## DATA
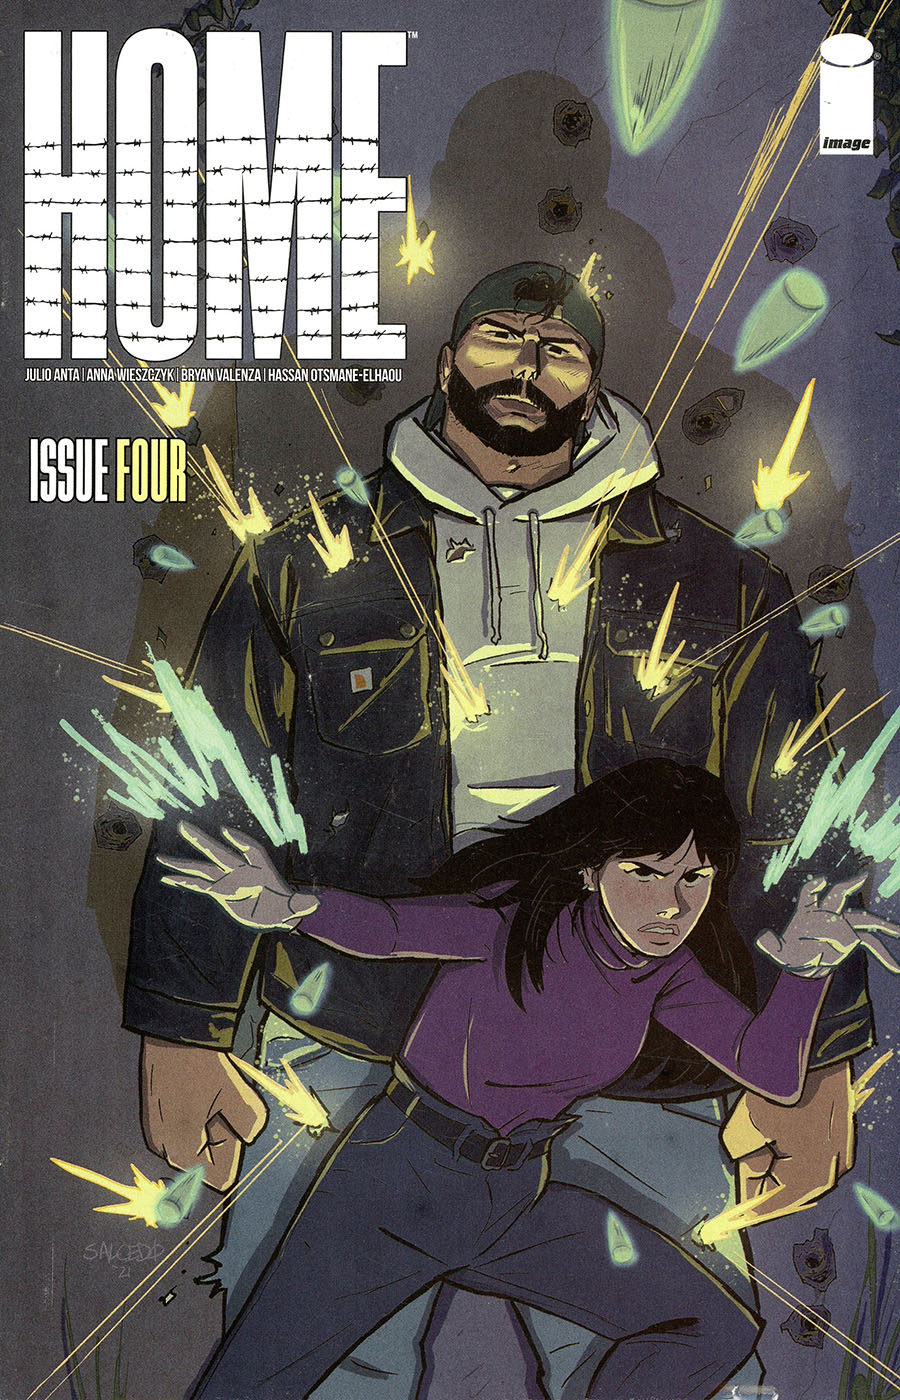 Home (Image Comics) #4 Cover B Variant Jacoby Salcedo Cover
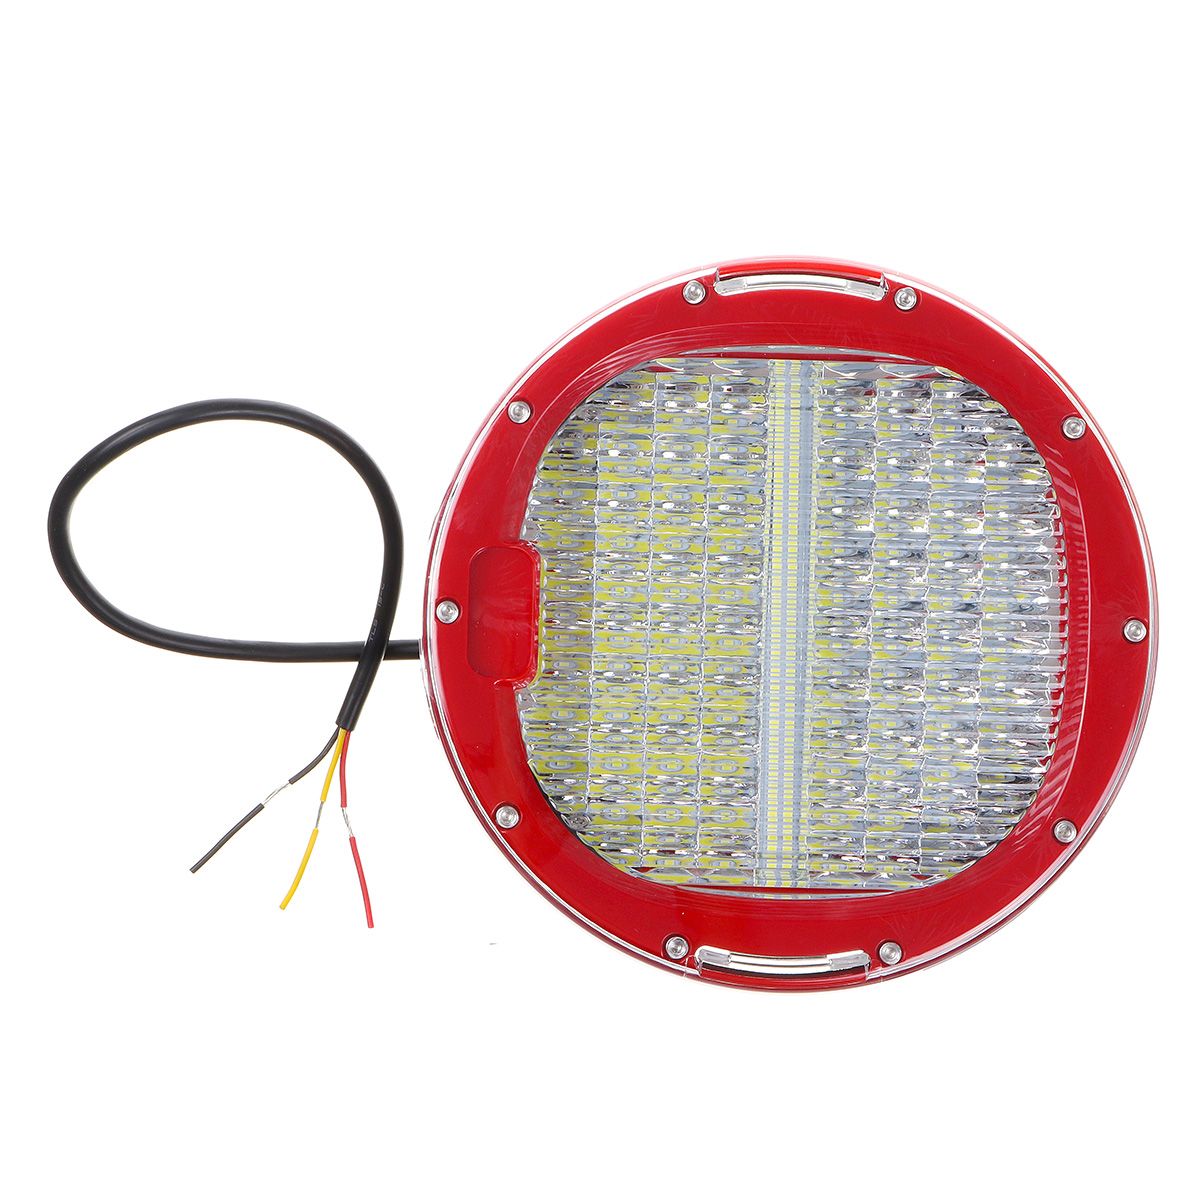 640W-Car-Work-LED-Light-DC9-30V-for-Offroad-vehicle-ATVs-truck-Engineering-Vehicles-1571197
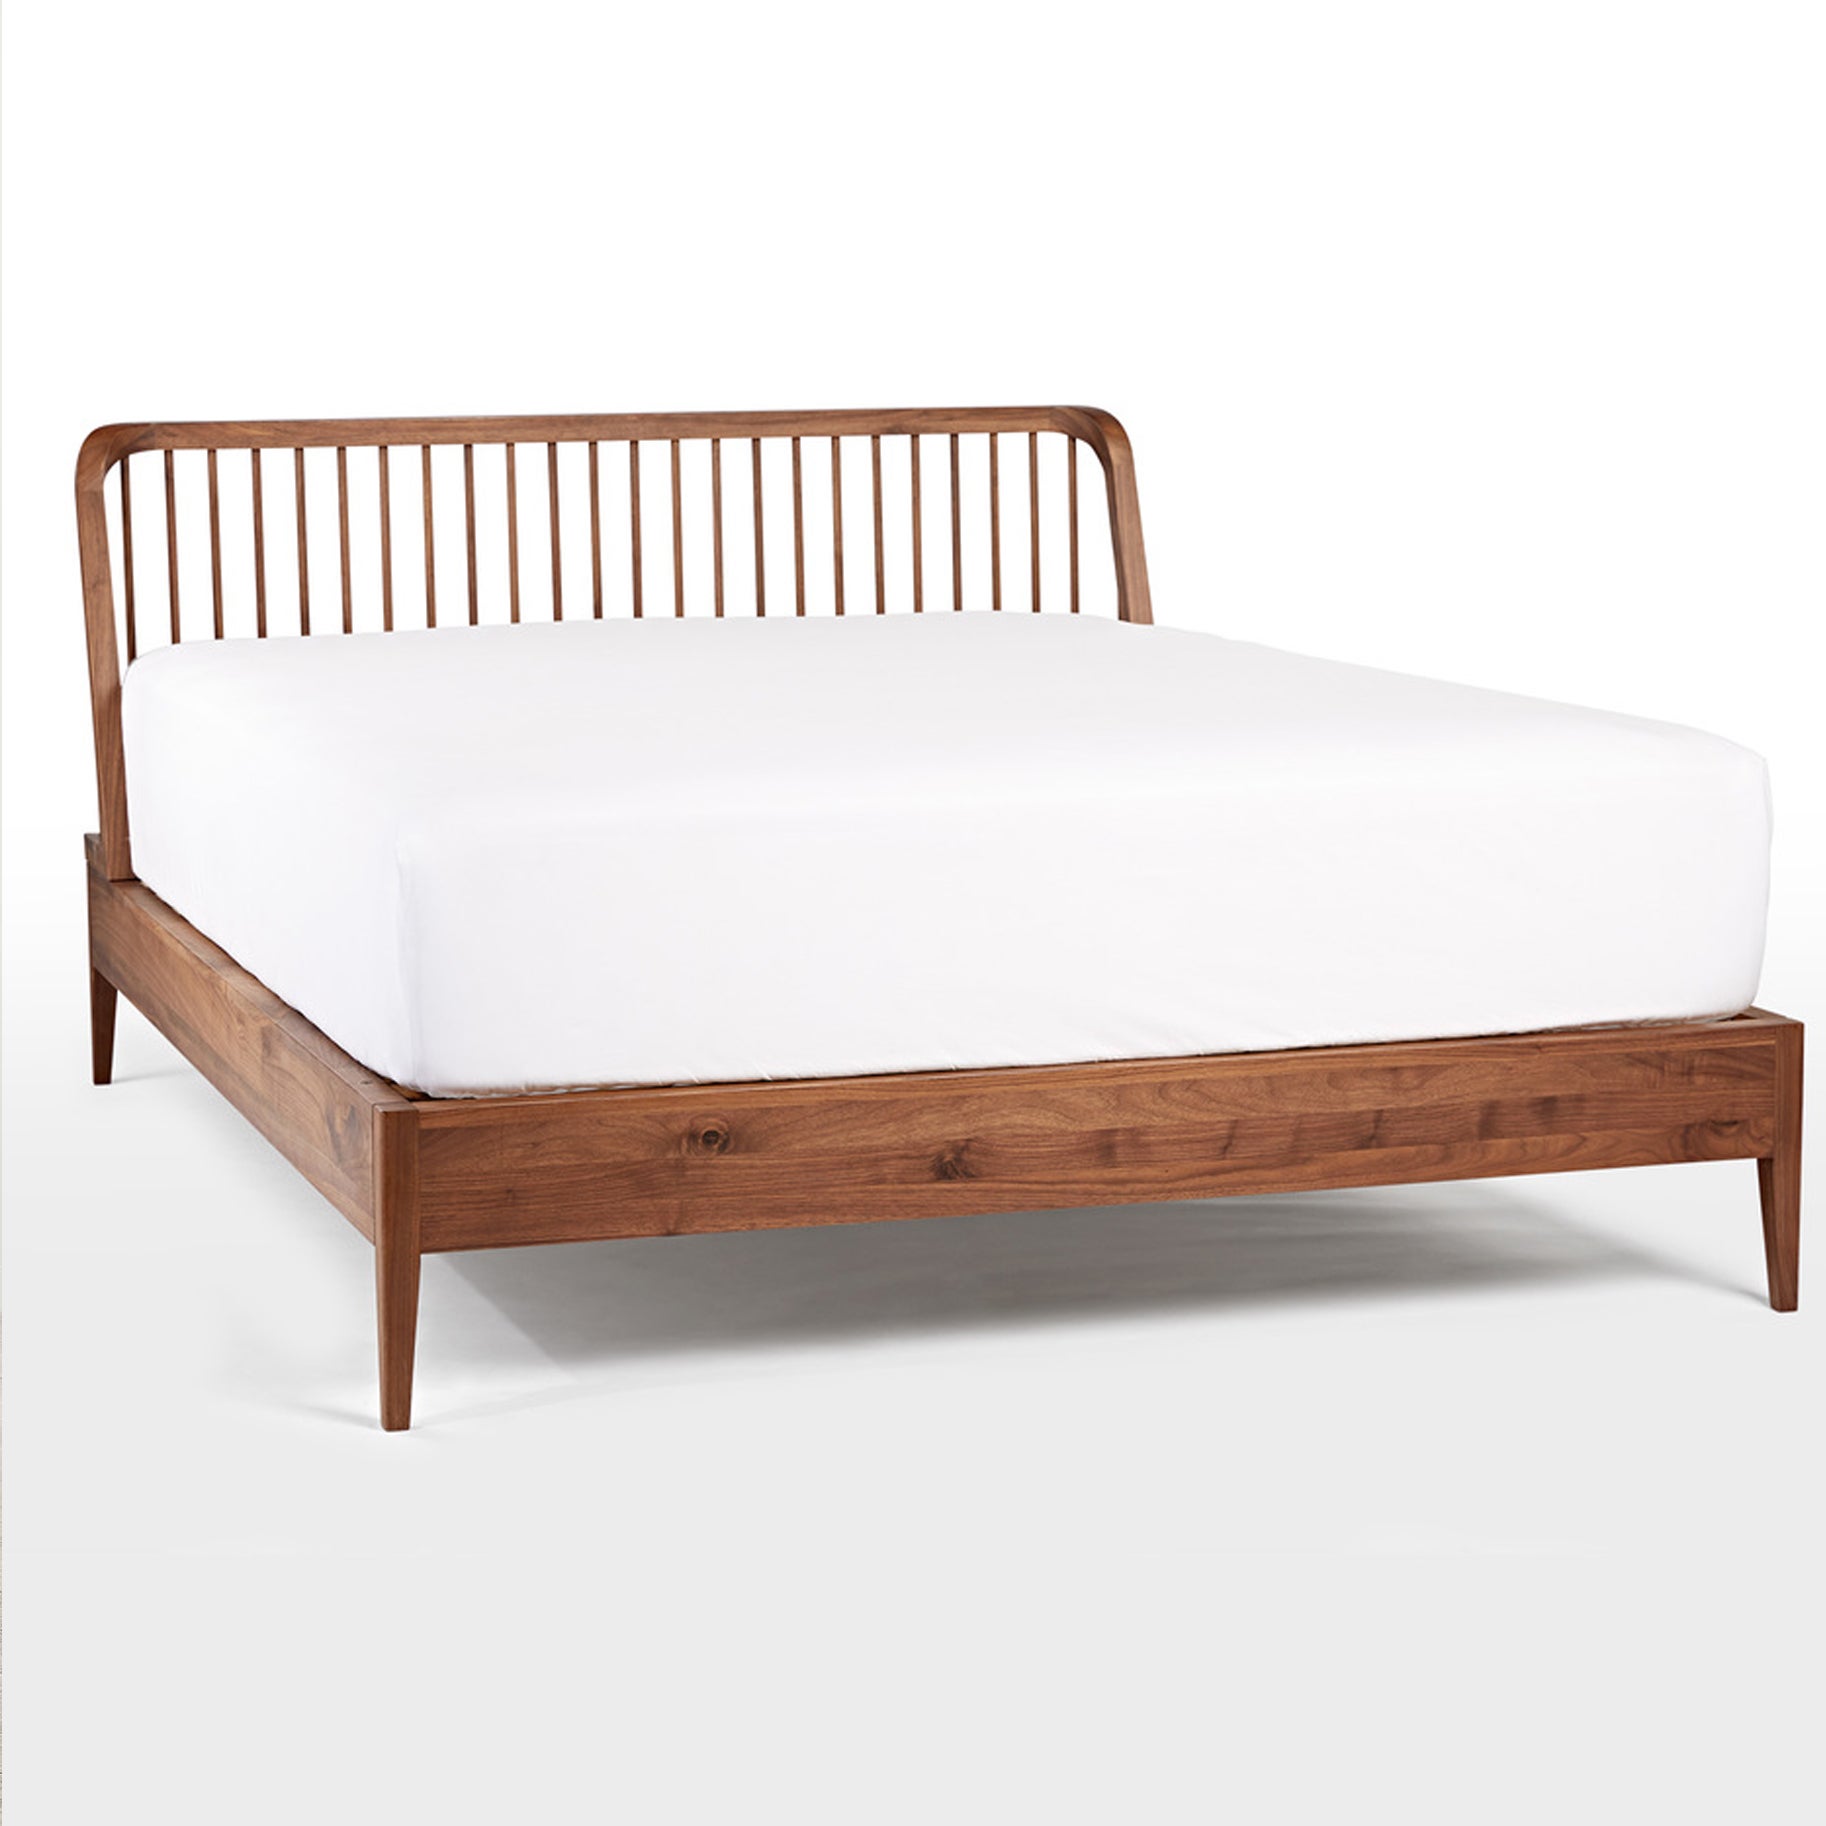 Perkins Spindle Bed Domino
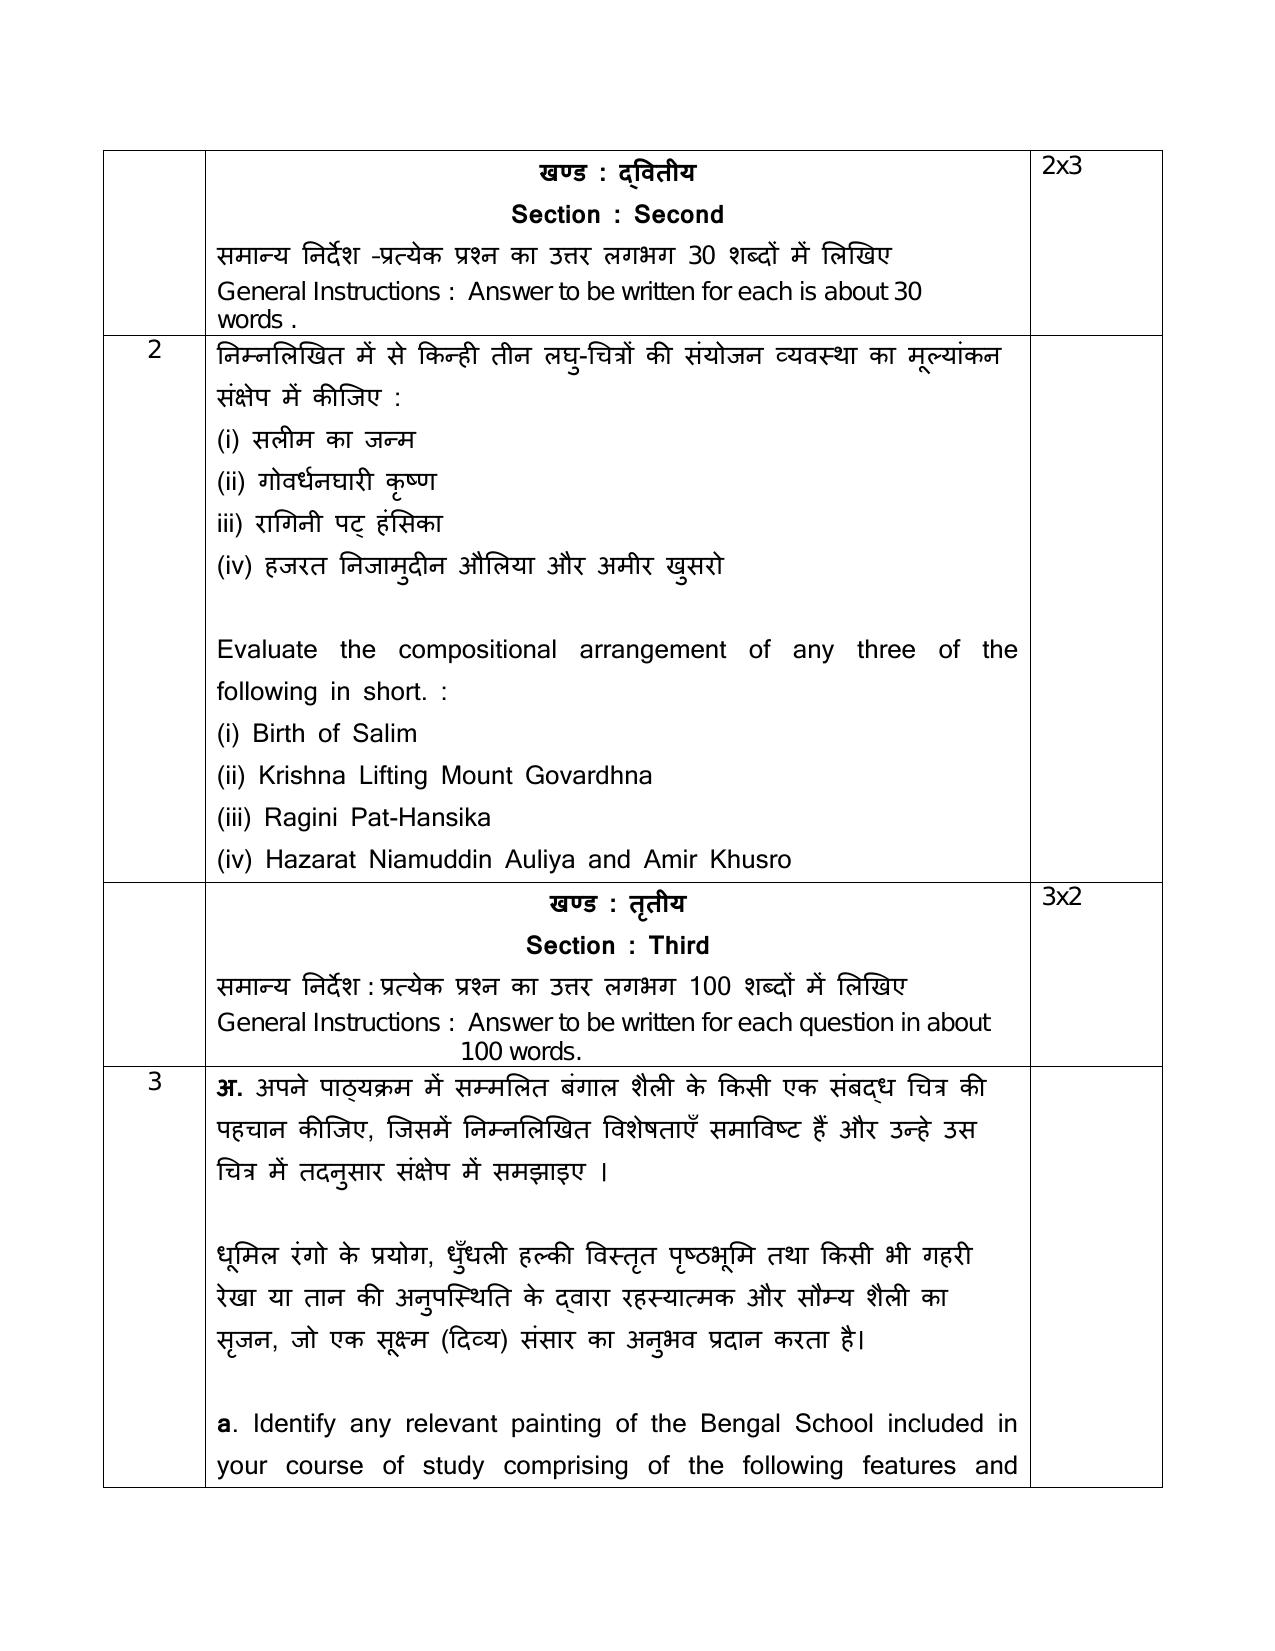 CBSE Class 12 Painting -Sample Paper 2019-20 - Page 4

## YOUR OBJECTIVE
Any images must be dropped; all other material is to be printed exactly.

## RESPONSE TO THIS TASK
 Home (Image Comics) #4 Cover B Variant Jacoby Salcedo Cover
 640W-Car-Work-LED-Light-DC9-30V-for-Offroad-vehicle-ATVs-truck-Engineering-Vehicles-1571197
 Perkins Spindle Bed Domino
 CBSE Class 12 Painting -Sample Paper 2019-20 - Page 4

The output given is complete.